What can we learn from 50 years of selling backdoors?

A new report from The Washington Post claims that the CIA secretly owned an encryption firm between 1970 and 2018, and used the company to put backdoors in other nation's equipment. As concern around modern encryption grows ever louder, it's a reminder that this is well-trod territory.


  • A Swiss company, Crypto AG, sold encryption equipment to over 120 countries, including Iran, India, and Japan. That equipment was, according to the Post, "rigged" so the CIA and West German intelligence agencies could intercept supposedly encrypted communications.

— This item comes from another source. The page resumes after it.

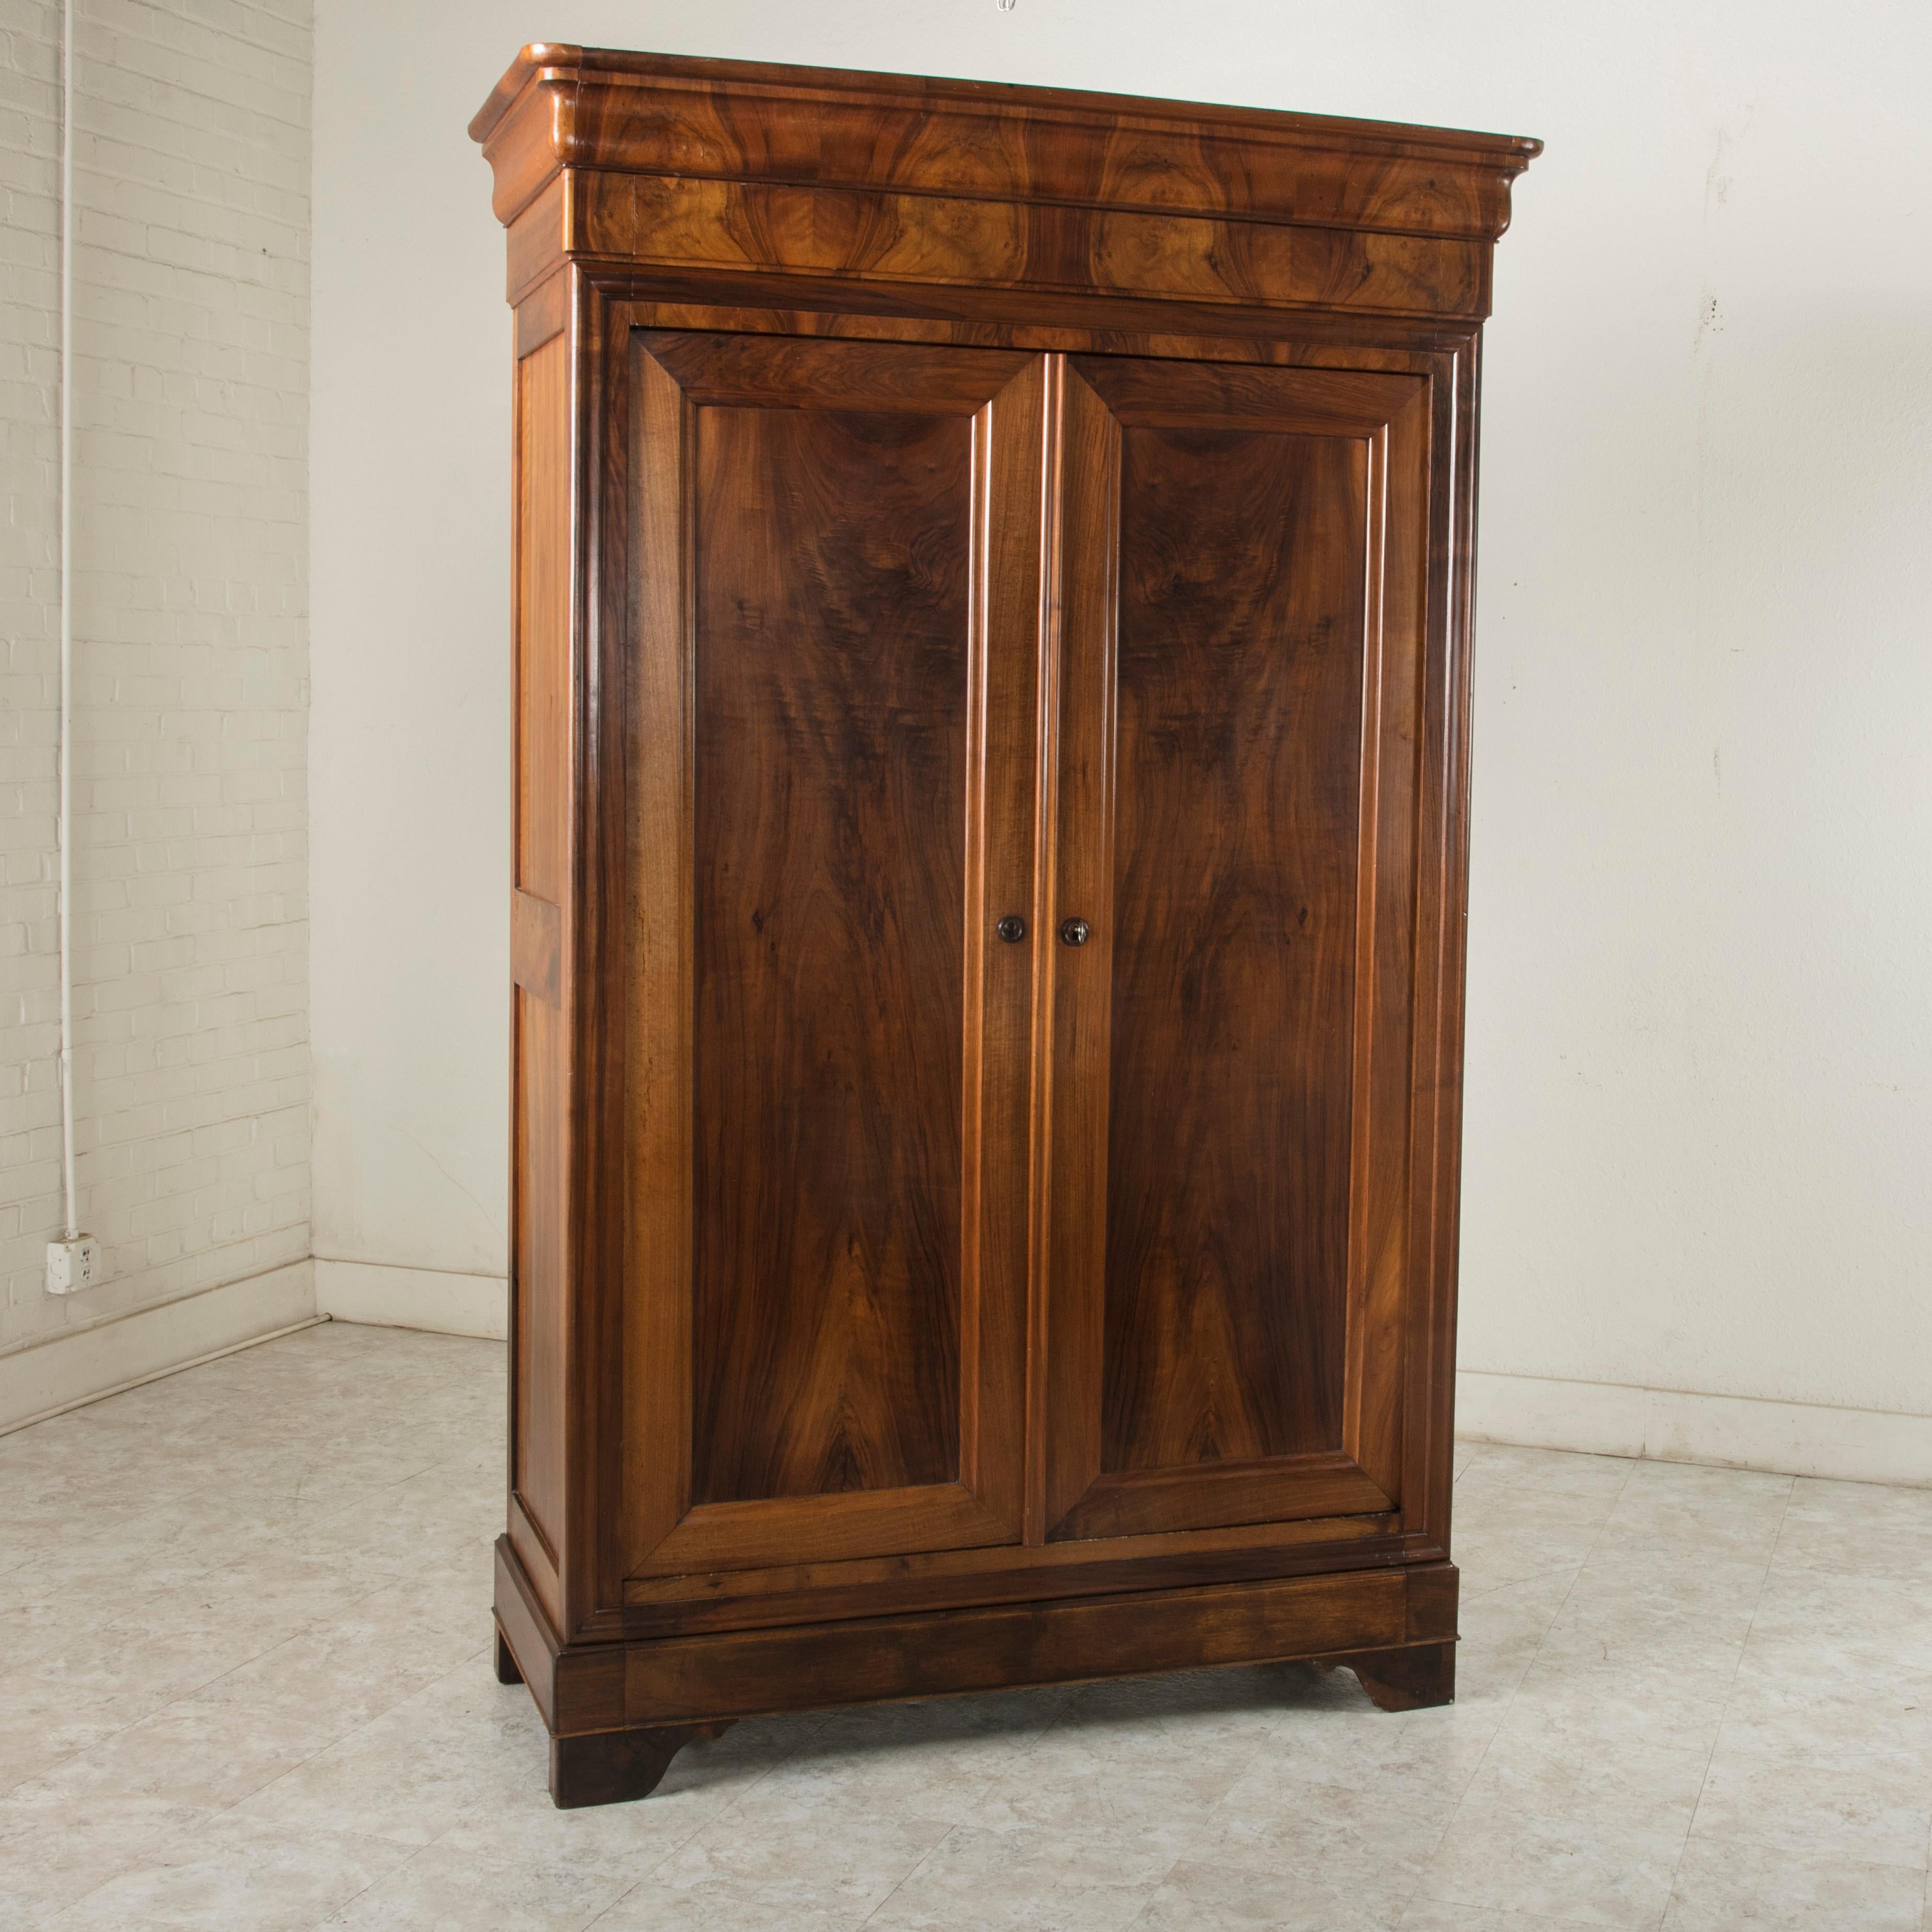 Found in Angers, a city in the Loire Valley castle region of France, this 19th century bookmatched walnut armoire features simple clean lines, the Classic distinction of the Louis Philippe style. A period piece, its solid paneled sides and doors

  • Other companies were allegedly involved, too. Siemens reportedly took 5% of Crypto AG's sales in exchange for advising the company, while Motorola is said to have helped fix some of its products. Motorola's CEO, the Post says, was aware of the company's link to the CIA.
  • The newspaper also claims that the CIA owned at least one other security firm, though it doesn't have more specific details about it.
  • The investigation serves to demonstrate that modern concerns about encryption — whether it's WhatsApp vulnerabilities that were allegedly used to hack Jeff Bezos' iPhone, fears about China spying via Huawei's 5G equipment, or the Trump administration's demands for Apple to build backdoors — are based on justified concerns about how government agencies operate.